# Need help on how to insert an article



## Luanne (Sep 17, 2020)

How do I insert an article so that the picture, title and a few sentences show?  I see pretty much everyone doing this, but haven't figured out how to do it myself.  What I have been doing when I want to link to an article is copy the url, then paste it into the url link, using the insert link icon above.  Help!


----------



## DeniseM (Sep 17, 2020)

Go to the article
copy the URL in your browser bar paste it into the post window click post reply 
If you want more info that the link provides, you may have to copy and paste a few sentences.


----------



## Luanne (Sep 17, 2020)

Thanks.  When you say copy he info do you mean the url?


----------



## Passepartout (Sep 17, 2020)

Luanne said:


> Thanks.  When you say copy he info do you mean the url?


You can highlight (shift+arrow keys) and copy (ctrl+c) any text then paste (ctrl+v) any text, including URLs. To copy pictures you want to post, right click on them and select 'copy' from the drop-down menu. Again (ctrl=v) will paste it where you want to drop it.


----------



## Luanne (Sep 17, 2020)

Passepartout said:


> You can highlight (shift+arrow keys) and copy (ctrl+c) any text then paste (ctrl+v) any text, including URLs. To copy pictures you want to post, right click on them and select 'copy' from the drop-down menu.
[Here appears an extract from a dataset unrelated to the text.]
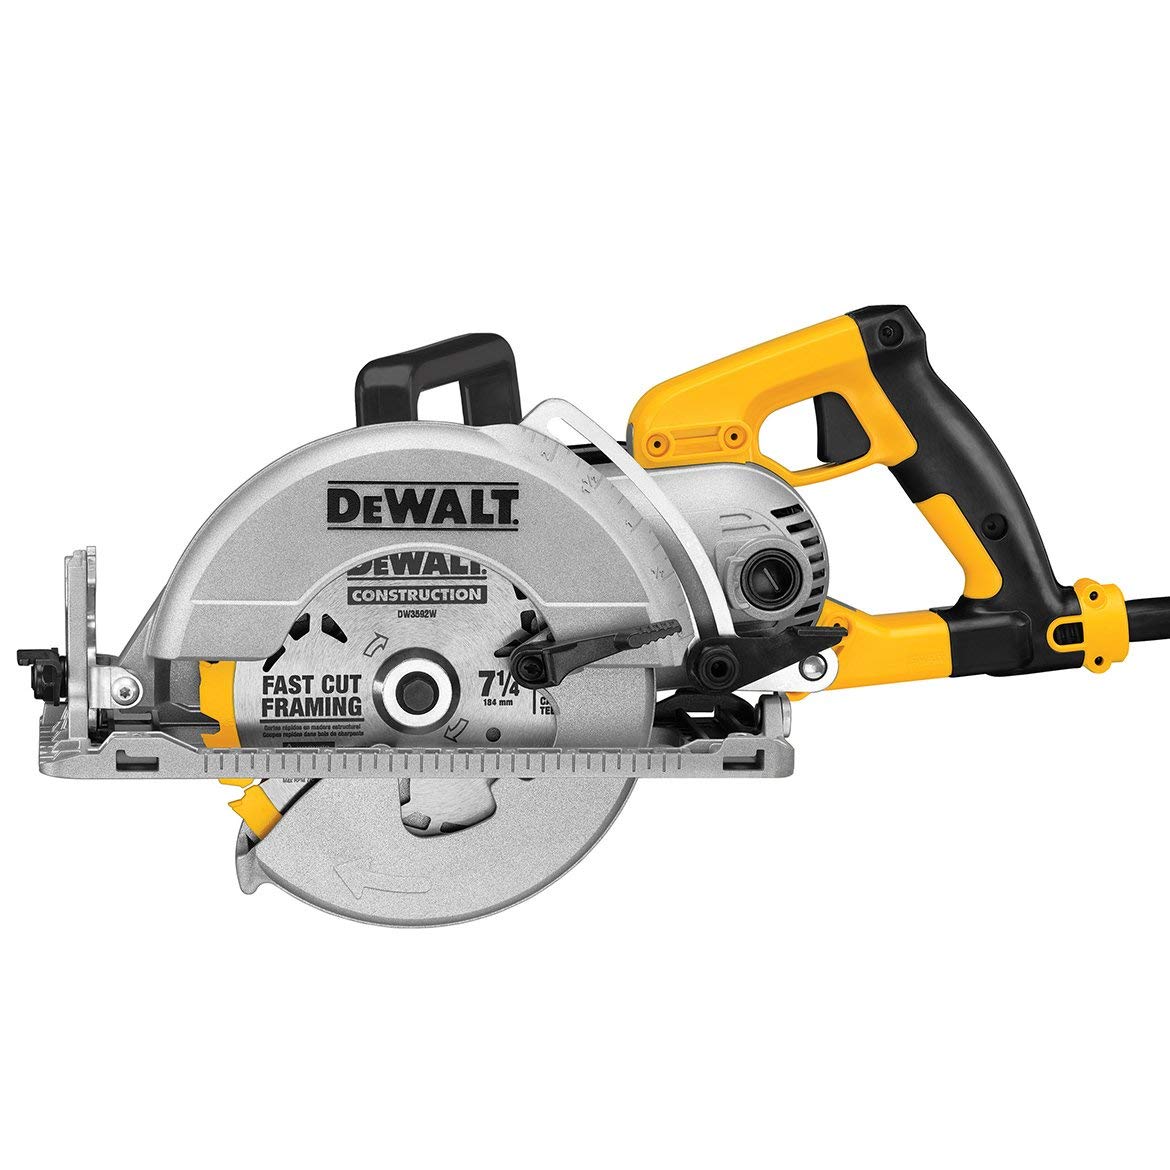 DeWalt DWS535B Worm drive Circular saw with Electric Brake, 7-1/4"
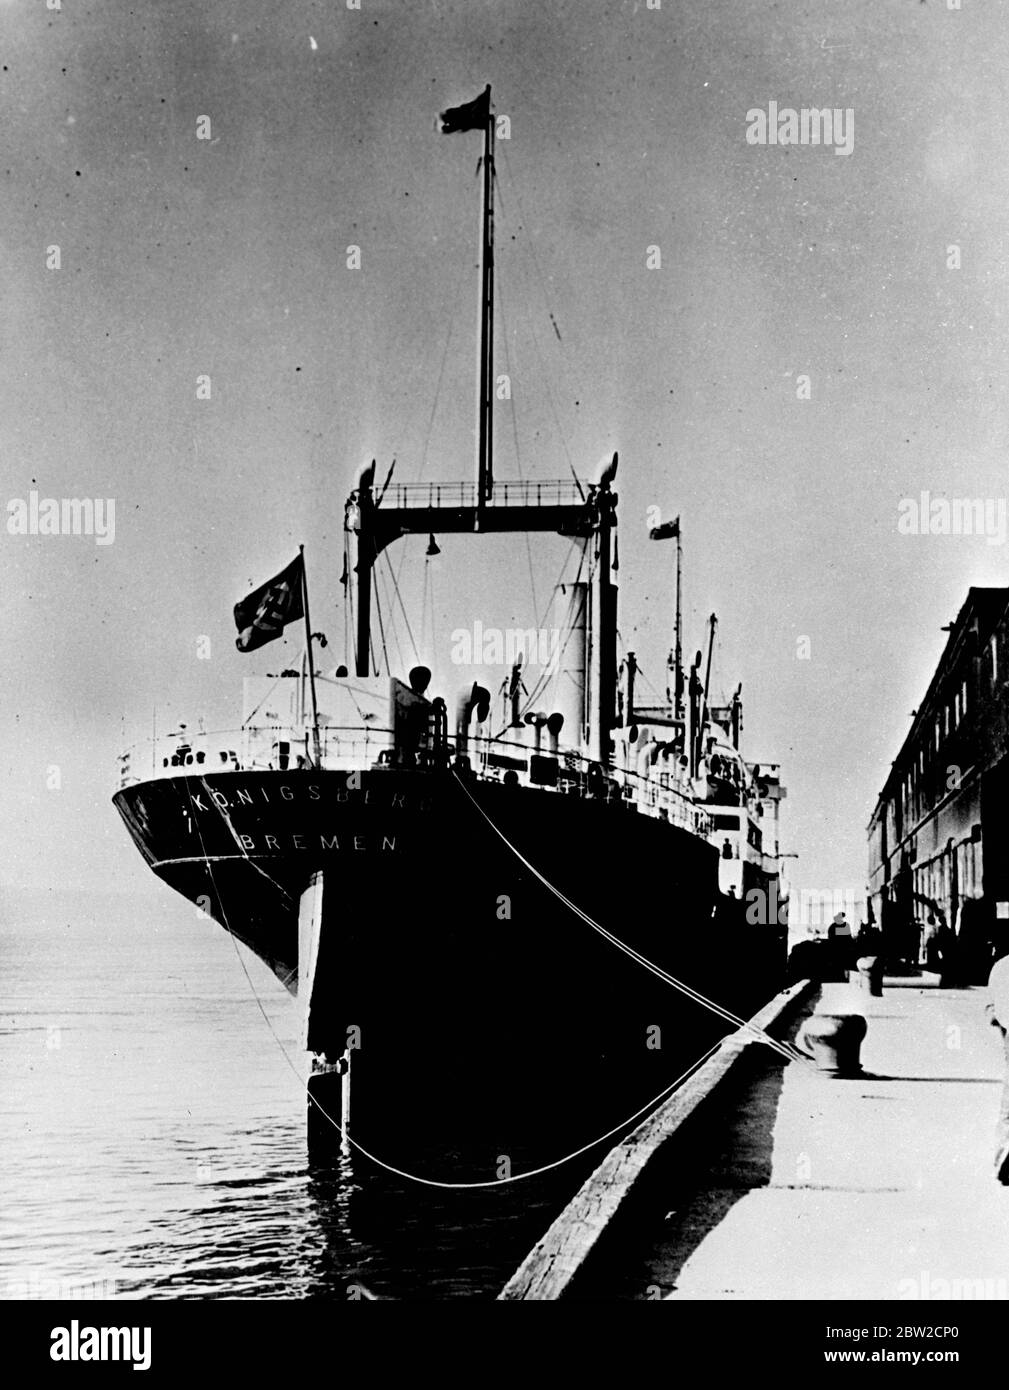 Le navire allemand a arrimé à québec, en août 26, après que les autorités canadiennes l'ont embarqué à 5 km en dessous de québec et ont forcé son maître à se retourner en descendant le Saint-Laurent. Dans sa hâte de rentrer en Allemagne conformément aux ordres d'Hitler, le navire n'a pas déchargé une cargaison d'oxyde de zinc qui avait été payée à l'avance par une entreprise montréalaise. L'Amirauté a émis un mandat de vol sur lequel le navire a été détenu. 26 août 1939 Banque D'Images

Again (ctrl=v) will paste it where you want to drop it.


I'm good with posting pictures.  It's the articles I'm not sure about.


----------



## TUGBrian (Sep 17, 2020)

the forum software automatically does that for you if you simply post the link to the article.


----------



## Luanne (Sep 17, 2020)

TUGBrian said:


> the forum software automatically does that for you if you simply post the link to the article.


It doesn't seem to when I post the url for an article.  I have been using the link icon above and then inserting the url.  Here is a recent article I linked to (it's number 363):









						A Thread for Good News
					

The Incredible Story You May Not Know About Steve Buscemi On 9/11. https://www.inspiremore.com/steve-buscemi-9-11/




					tugbbs.com


----------



## TUGBrian (Sep 17, 2020)

its because of the page-15 at the end of the url you are posting..it doesnt auto pick up that its a proper URL to unfurl when it ends without a trailing forward slash /

so if you paste your url that doesnt end in .html or similar...add a trailing slash to it.  or youll have to manually put the code in front of the url tag to make it "unfurl"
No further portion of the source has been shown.